Par Stive Roméo Makanga
Cette question devrait être au centre de la campagne présidentielle gabonaise que l’on sait imminente, et la raison en est toute plausible.
Alors que de nombreux pays sur le continent affichent des performances économiques incroyables et que se consolident leurs croissances, toutes acquises au prix de la qualité des réformes engagées sur des décennies, le Gabon est quant à lui resté extraordinairement statique.
À dire vrai, si tant est que nous devrions être rigoureux dans l’usage d’expressions pour désigner notre actuel état, nous devrions plutôt dire que nous avons sombré comme jamais, et que toute possibilité de regain devrait désormais être envisagée sur le long terme.

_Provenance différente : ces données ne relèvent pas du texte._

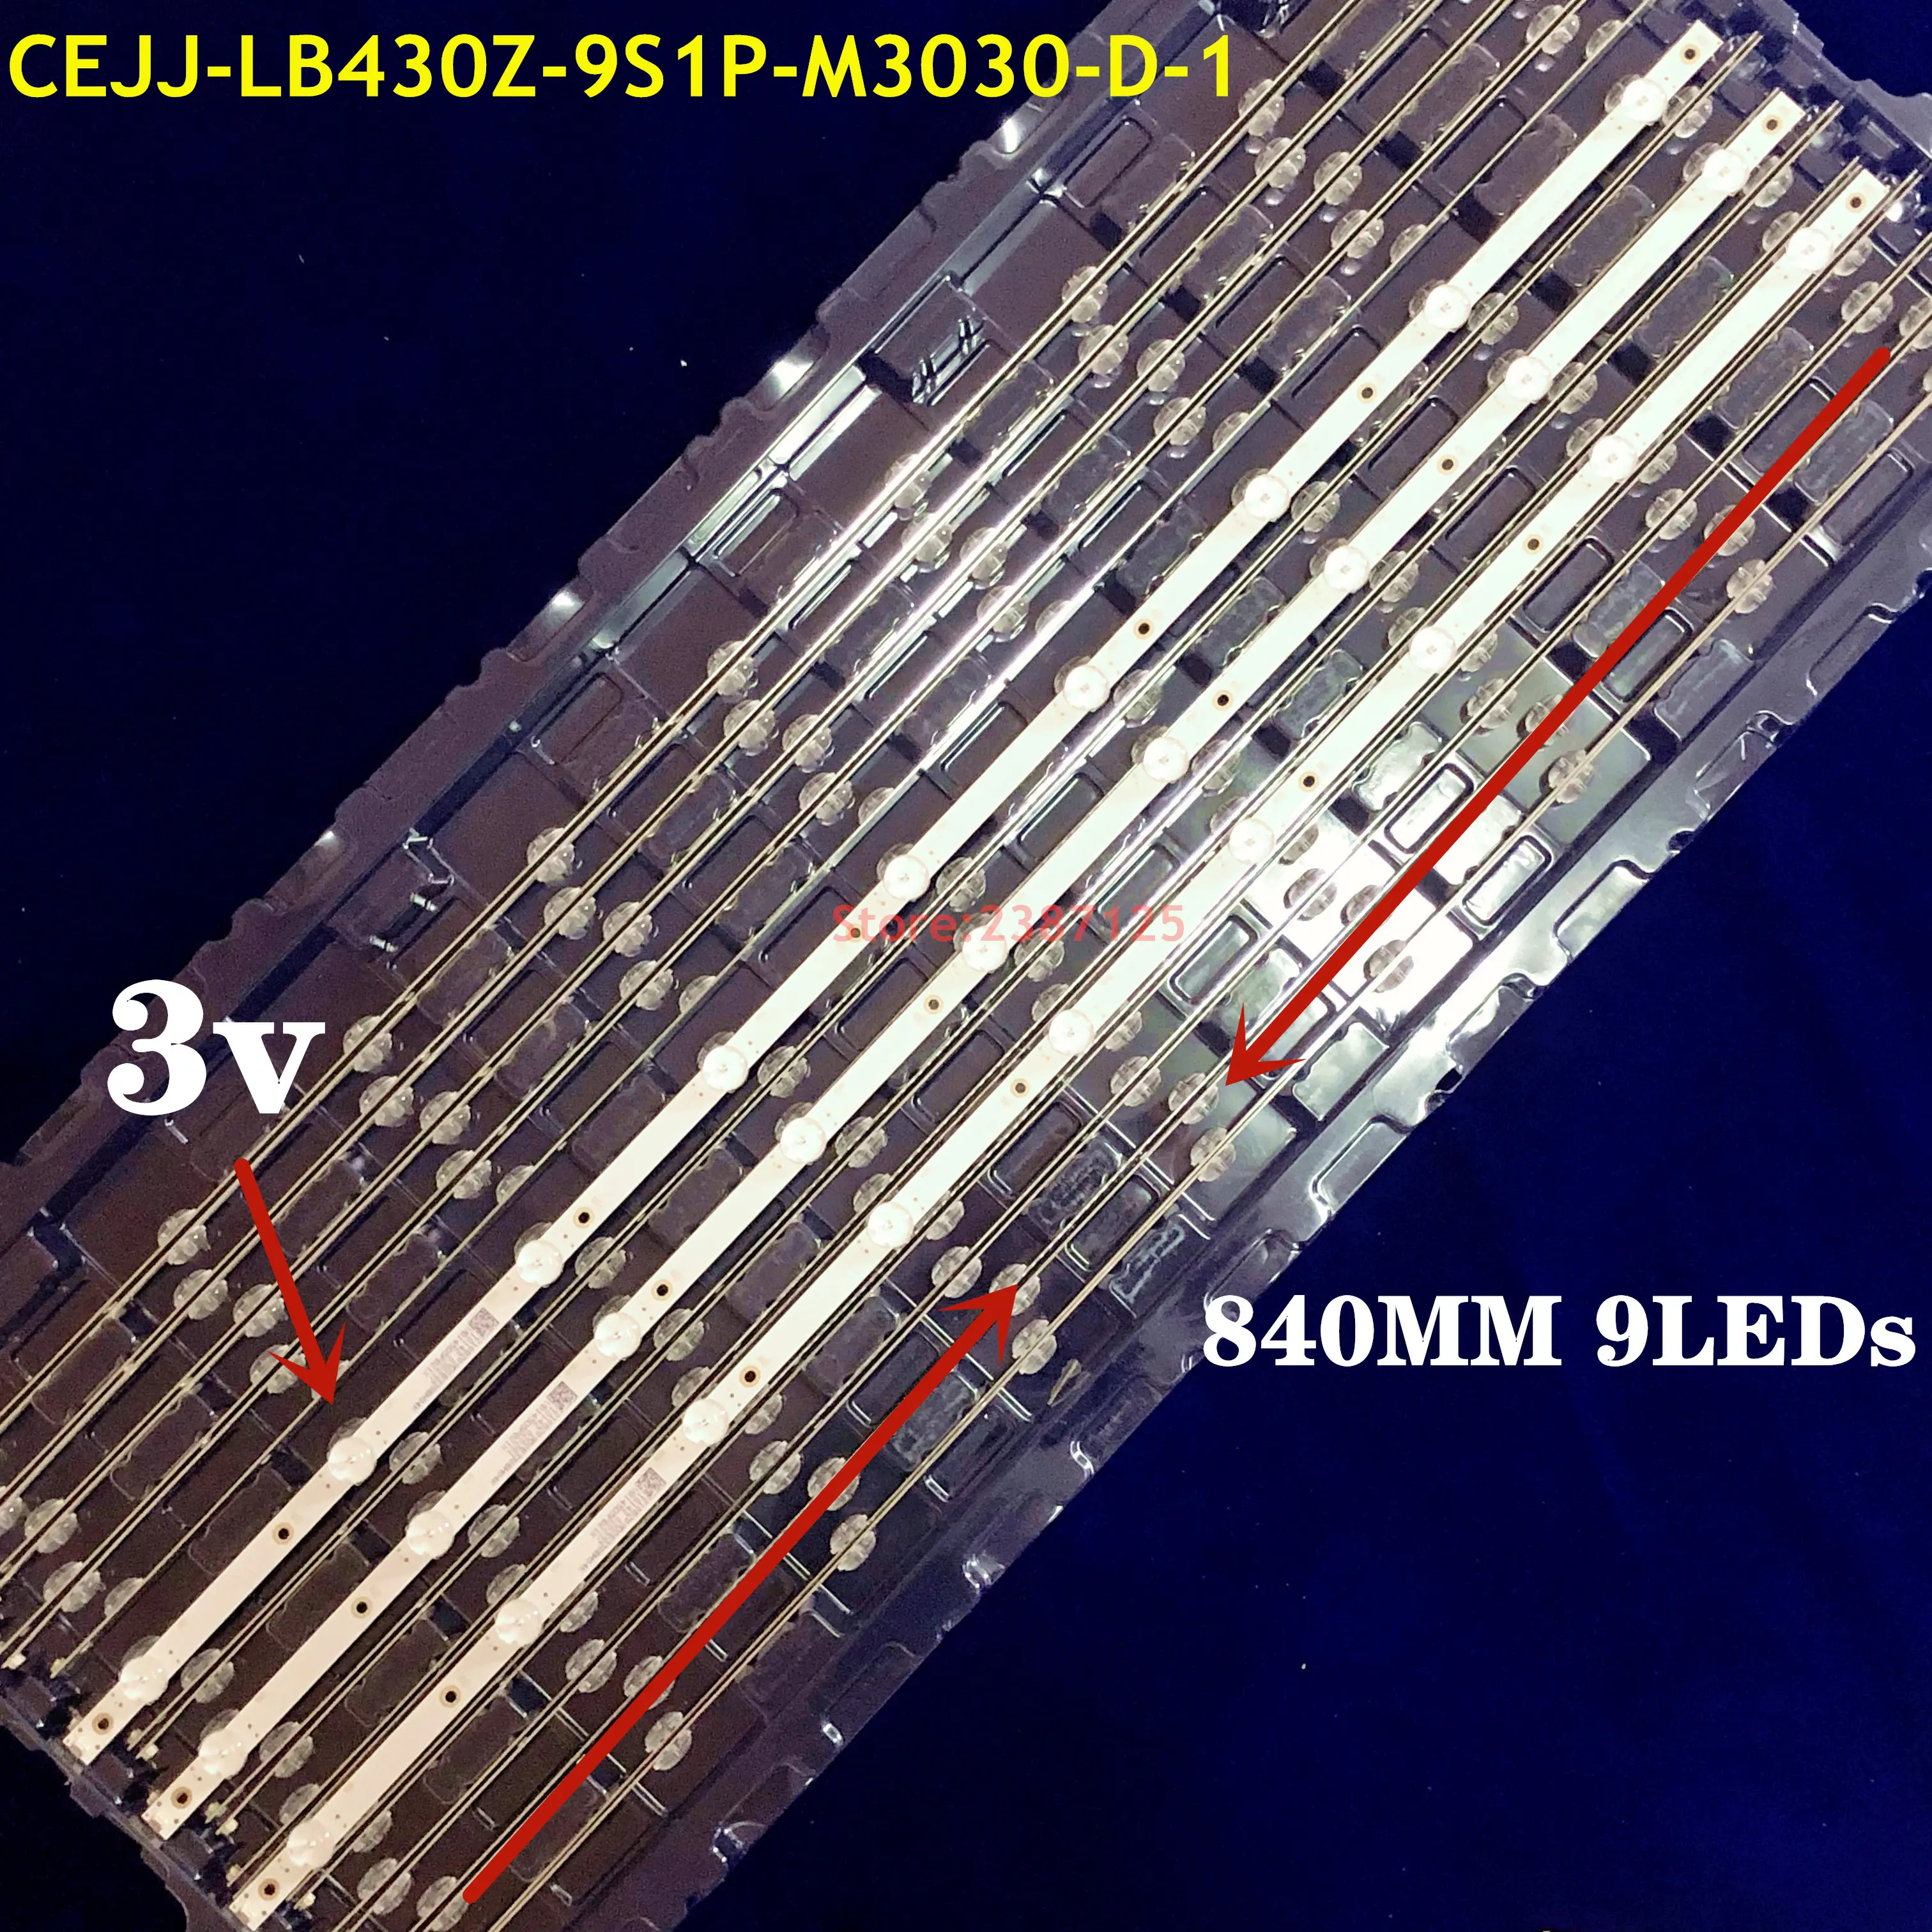 Jauns 30PCS LED Apgaismojums sloksnes 9LED(3 v) CEJJ-LB430Z-9S1P-M3030-D-1 Aoc 43s5295 43PFG5813/78 43PFF5292 43PFF3212/T3

Toutes dénégations balayées d’un revers de main, le Gabon a entamé sa courbe descendante dès le premier magistère d’Ali Bongo Ondimba (2009-2016).
L’illusion monétaire lui a d’abord donné un sentiment d’hyperpuissance, puis, l’a fait s’abandonner à tous les excès, et le laxisme budgétaire qui en a découlé a fini de sceller le sort du pays.
De fait, son deuxième septennat, 2016-2023, pourrait être à juste titre considéré comme celui du surendettement. L’administration d’Ali Bongo Ondimba a multiplié les emprunts obligataires et jamais dans notre histoire, nous n’avions autant sollicité les institutions financières à l’international.
Le plongeon du président de la République dans l’irrationnel est désormais historique.
Son ambition première, celle de faire du Gabon un pays émergent à l’horizon 2025 n’a été qu’une chimère, tout comme celle de construire 5000 logements par an, soit 70.000 en 14 ans.
Et des projets amorcés puis abandonnés en cours de route sans que l’on ait vu une once de résultat se comptent à la pelle.
À demi-mots, lors de ses traditionnelles allocutions devenues si éphémères, le chef de l’État a pleinement assumé ces renoncements à répétition.
L’émergence annoncée n’a été qu’un argument de séduction, qui au demeurant a bien fonctionné; et le plan d’accélération et de transformation (PAT) qui en a découlé renferme lui-même tous les gènes de cet échec.
Si pour avoir échoué sur des thématiques comme la hausse du chômage, le climat économique ou les mesures de rigueur, Nicolas Sarkozy avait dû prendre une claque électorale, même si assumée dignement, lors de la primaire de son camp, ce n’est pas à Ali Bongo Ondimba que l’on ne fera pas le reproche d’avoir échoué sur toute la ligne et de le lui faire savoir par la voie des urnes, comme à l’ancien patron de l’UMP, nouveau LR.
D’ailleurs, la mauvaise gestion de la crise pandémique est sans conteste, la goutte d’eau qui a fait déborder le vase, et qui pourrait, conséquemment, justifier le vote des populations, si tant est qu’il est considéré. Mais c’est un tout autre débat.
En deux septennats, Ali Bongo Ondimba a saturé le terrain médiatique et politique avec des annonces. Cela va de la construction de nouvelles universités et d’un aéroport, ou du don de son héritage personnel au profit de la jeunesse. Tout y est passé.
S’il souhaitait briguer un 3e mandat en s’appuyant sur ses faibles réalisations, presqu’invisibles d’ailleurs, il devra considérer l’observation de Nicolas Sarkozy à son équipe de campagne lors de la primaire de son camp: “On ne gagne pas sur un bilan et les français qui votent Front national veulent un autre discours”.
14 ans de reculades, de castings hasardeux et de nominations complaisantes au sommet de l’État se paient cher et toute sollicitation de suffrages pour un énième mandat apparaît désormais comme indécente.